Que o leitor atente bem a esta afirmação. Trata-se, certamente, de blasfêmia — ainda que não intencional — proferida por um homem iludido. Segundo este dogma, o Senhor, queira ou não, deve descer ao pão idólatra do padre, por mais iníquo que este seja, no momento em que este murmura as palavras da consagração. Isso é o papismo em sua mais ousada blasfêmia.

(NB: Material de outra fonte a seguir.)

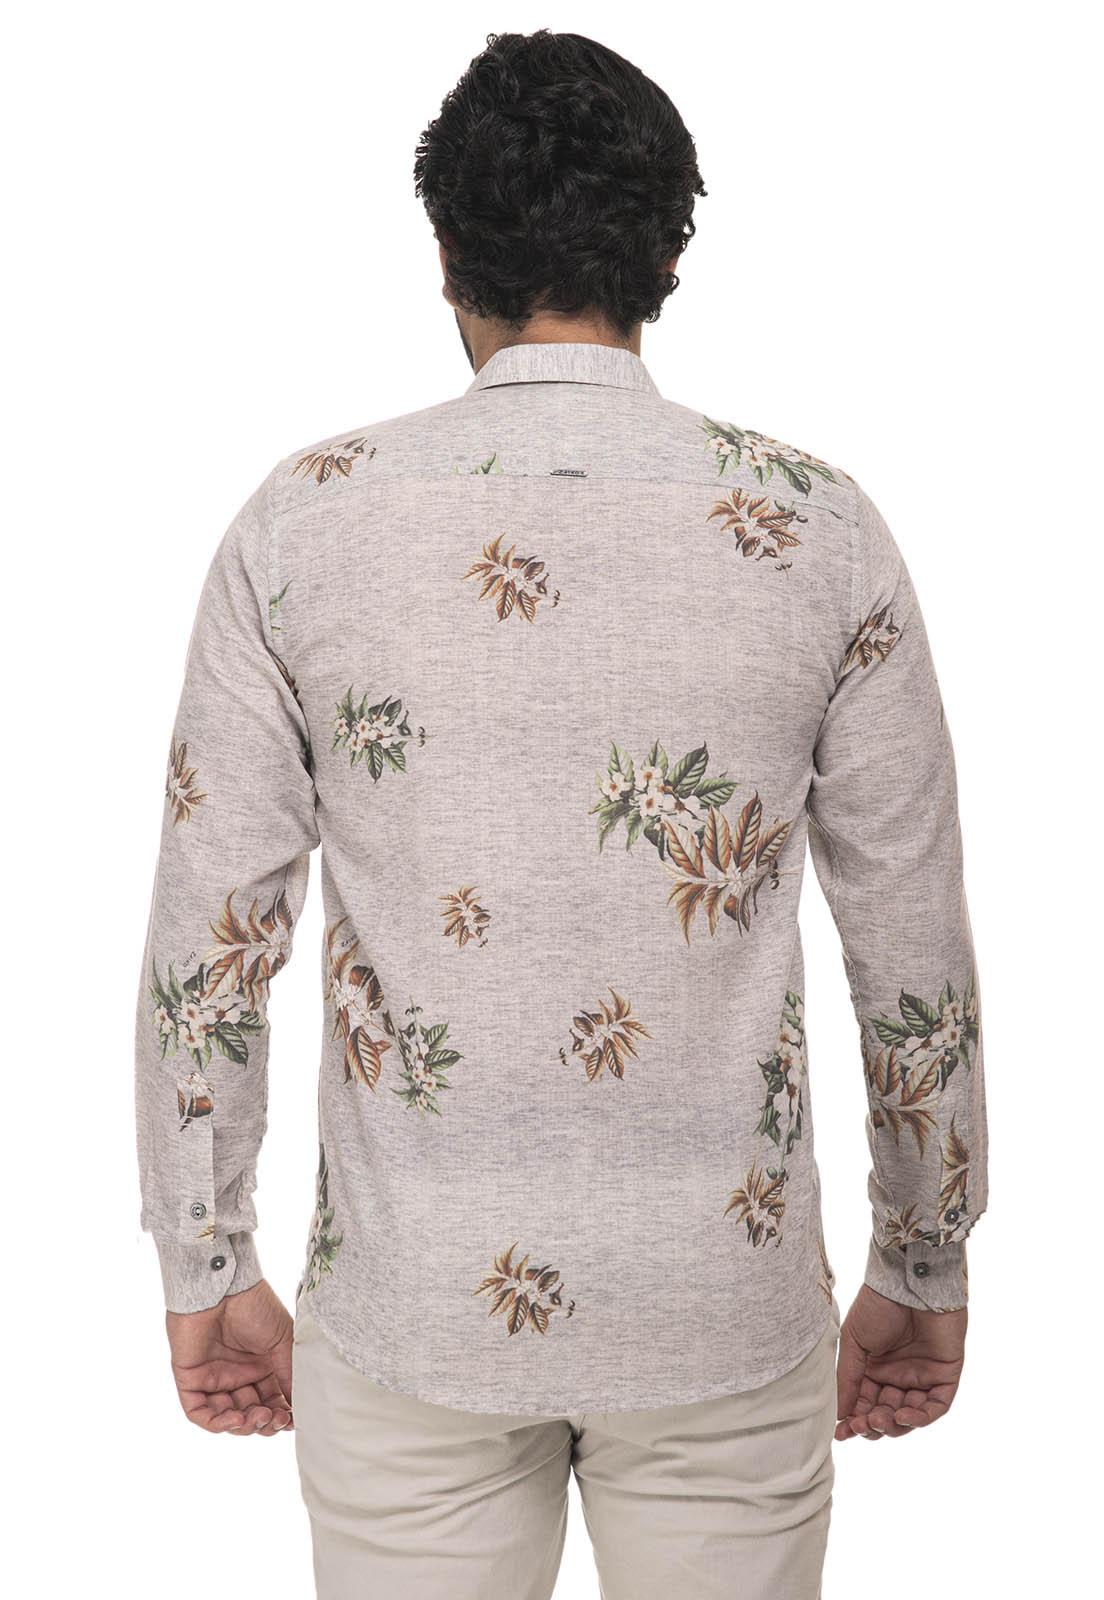 Camisa Slim Zaiko Estampada Floral Manga Longa 2258

O landgrave, percebendo que a discussão se acirrava, propôs uma breve pausa. Como a razão e a justiça estavam de um lado só, pouco interesse restava em acompanhar o curso do debate. Zuínglio e Oekolampadius haviam sustentado suas teses com Escrituras, filosofia e testemunho dos mais antigos pais da Igreja, mas tudo era rebatido com uma única e invariável resposta: "Isto é o Meu corpo." E, como se desejasse insultar e exasperar os teólogos suíços, Lutero tomou o pano de veludo onde estavam escritas as palavras Hoc est corpus meum, arrancou-o da mesa, ergueu-o diante de seus olhos e disse: "Vede, vede, este é o nosso texto. Vós ainda não nos afastastes dele, como havíeis vangloriado, e não nos importam outras provas."
Depois de tamanha exibição de fraqueza e insensatez, acompanhada da pretensão de infalibilidade, não havia esperança de tirar Lutero de sua posição, nem razão alguma para prolongar a conferência. A discussão, contudo, foi retomada na manhã seguinte, mas ao fim do dia, as partes continuavam igualmente distantes da reconciliação. Uma severa epidemia — o suor inglês — assolava a Alemanha naquela época, e havia alcançado Marburgo durante a conferência, o que sem dúvida apressou seu desfecho. Os estragos da peste eram terríveis; todos estavam tomados de temor e desejosos de deixar a cidade.
"Senhores," exclamou o landgrave, "não podeis separar-vos assim; nada mais pode ser feito para sanar a ruptura? Será que esse único ponto de divergência dividirá irremediavelmente os amigos da Reforma?" "Não há meio," disse o chanceler, "dos teólogos chegarem a um entendimento, como tão sinceramente deseja o landgrave?"
"Conheço apenas um meio para isso," respondeu Lutero, "e é este: que nossos adversários creiam como nós." "Não podemos," replicaram os suíços. "Pois bem," disse Lutero, "abandono-vos ao juízo de Deus, e oro para que Ele vos ilumine." "Faremos o mesmo," acrescentou Oekolampadius.
Zuínglio permaneceu em silêncio, imóvel, mas profundamente comovido enquanto essas palavras eram ditas. Por fim, seus afetos vivos romperam o dique, e ele rompeu em lágrimas diante de todos.